Urban air pollution is increasingly becoming a major environmental concern in cities around the world. Because of the frequent occurrence of severe haze pollution in China, it is necessary to analyze the spatio-temporal pattern of PM2.5 concentrations with high precision. Land Use Regression modeling (LUR) is a classical model for urban-scale atmospheric pollution concentration analysis and simulation. It is a statistical approach that uses spatial explanatory parameters to estimate pollutant concentrations at specific locations, and has been widely used in air quality studies. Its advantages are limited needs for explanatory parameters, a short computing time, and ease of development, making his empirical method capable to explain the spatial distributions of urban PM2.5 concentrations for entire cities. However, the existing LUR research has shortcomings. First, it rarely considers the spatial spillovers and autocorrelation of PM2.5 concentrations due to wind transmission, and possibly other influencing factors. Second, the LUR model variables are mostly two-dimensional and static, with little consideration of three-dimensional urban structure and dynamic factors. Finally, the time scale of existing research is mostly focused on the year or month, thus ignoring higher-frequency time disaggregation (day or hour). These shortcomings lead to biased estimations and inaccurate simulation results. The present study addresses all these issues. .Combining the LUR with the Spatial Durbin Model (LUR-SDM) to account for spatial diffusion spillovers and autocorrelation, this new coupling model will enhance the timeliness and accuracy of PM2.5 concentrations simulation. First, a prototype of the LUR-SDM coupling model will be explored, and the spatial weight matrix of 'wind direction-wind speed-distance' will be developed. Second, the multi-dimensional dynamic-static factor system and indicators dataset will be built. Finally, the proposed coupling model will be applied to Zibo city, and the precise PM2.5 concentration analysis and modeling will be carried out, based on a high-frequency time scale and multi-dimensional dynamic factors. This study has both theoretical and practical value for optimizing PM2.5 concentration modeling, revealing pollution effect mechanisms, and simulating and predicting future pollution for different scenarios of changes in land-use, transportation, and other factors.
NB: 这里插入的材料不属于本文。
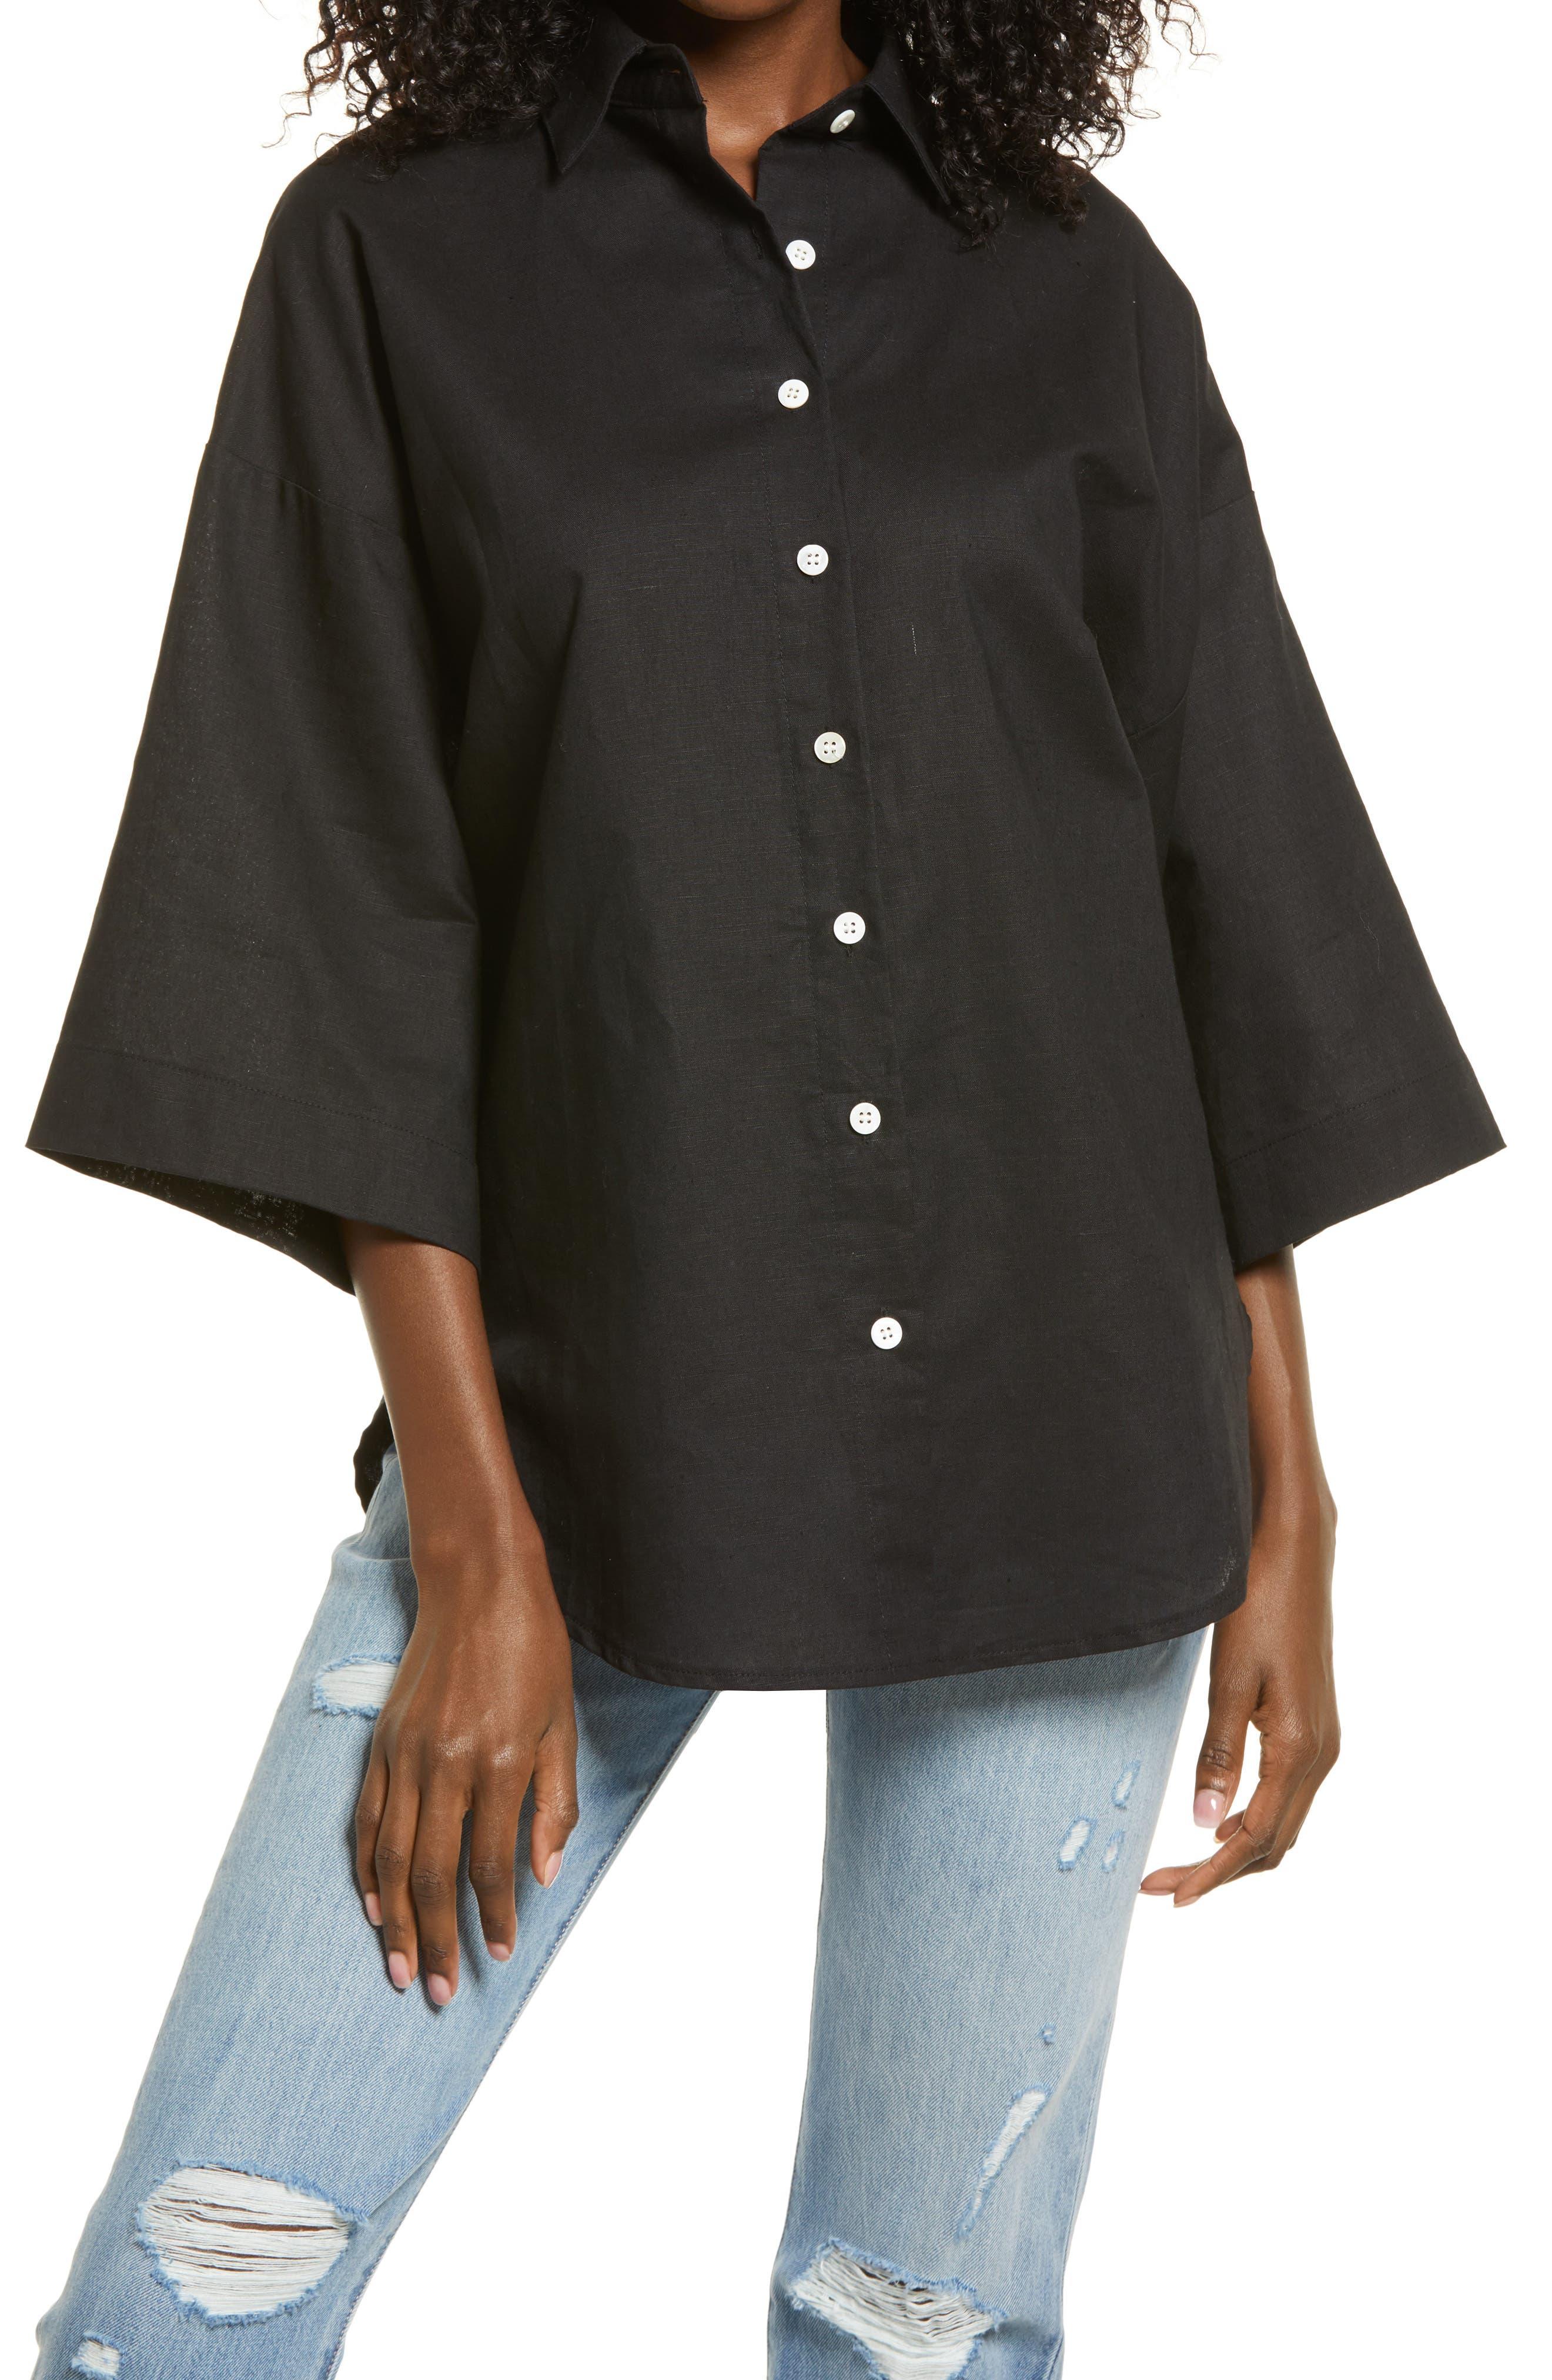 Harlow Oversize Shirt

在我国霾污染天气频发背景下，开展高精度PM2.5模拟及影响机制研究迫在眉睫。LUR模型是城市尺度大气污染模拟的经典模型，但已有研究中模型较少考虑PM2.5污染空间依赖性(尤其随风传输)，缺乏污染物本身及影响要素的空间溢出研究；其次模型指标多聚焦二维静态因子，三维结构、动态因子重视不够；此外模型时间尺度多基于年或月，忽略高频时间差异性；以上问题导致模拟结果精准性、时效性及真实性较差。而具有时间动态空间杜宾模型SDM的引入可弥补上述不足。本课题开展基于LUR-SDM耦合的PM2.5精细模拟研究，首先探索并搭建LUR-SDM耦合模型原型，研究‘风向-风速-距离’空间权重矩阵；其次构建模型多维动静态因子体系；最后应用至淄博市，开展时尺度面向多维动态时空因子的PM2.5精细模拟及污染机制分析。本研究对优化PM2.5模拟、揭示影响机制、预测不同情景PM2.5浓度及针对性污染治理具有重要理论和实用价值。

城市PM2.5浓度空间分布及影响机制的研究对于演技区域大气污染防治具有重大意义。本项目通过建立BRT模型，得到不同季节各土地利用因子对PM2.5的作用特征及贡献大小，并深入分析影响PM2.5变化的影响因素，结果表明，土地利用类型在不同季节中对PM2.5浓度影响存在显著差异，其中主导因素分别为支路、次干路、植被覆盖面、建设用地。本课题注重空间权重矩阵的构建，空间权重矩阵是一种有效表达空间关系的方式，本研究在假设全部空间中风速是均匀的、稳定的前提下提出了顾及“风速—风向—距离”约束的空间权重矩阵。通过耦合LUR与空间杜宾模型SDM，结合气象站数据以及多维城市因子来监测空气质量监测站点之间的PM2.5污染的传输及溢出效应，最终完成实验区域PM2.5污染浓度的实时定量评估与精准模拟。.本课题执行期间共发表学术论文6篇（SCI/SSCI检索5篇），培养硕士研究生6人，其中4人均已毕业。本项目的研究成果对城市PM2.5污染浓度的研究提供参考，为环保部门针对性治理大气污染提供决策支持。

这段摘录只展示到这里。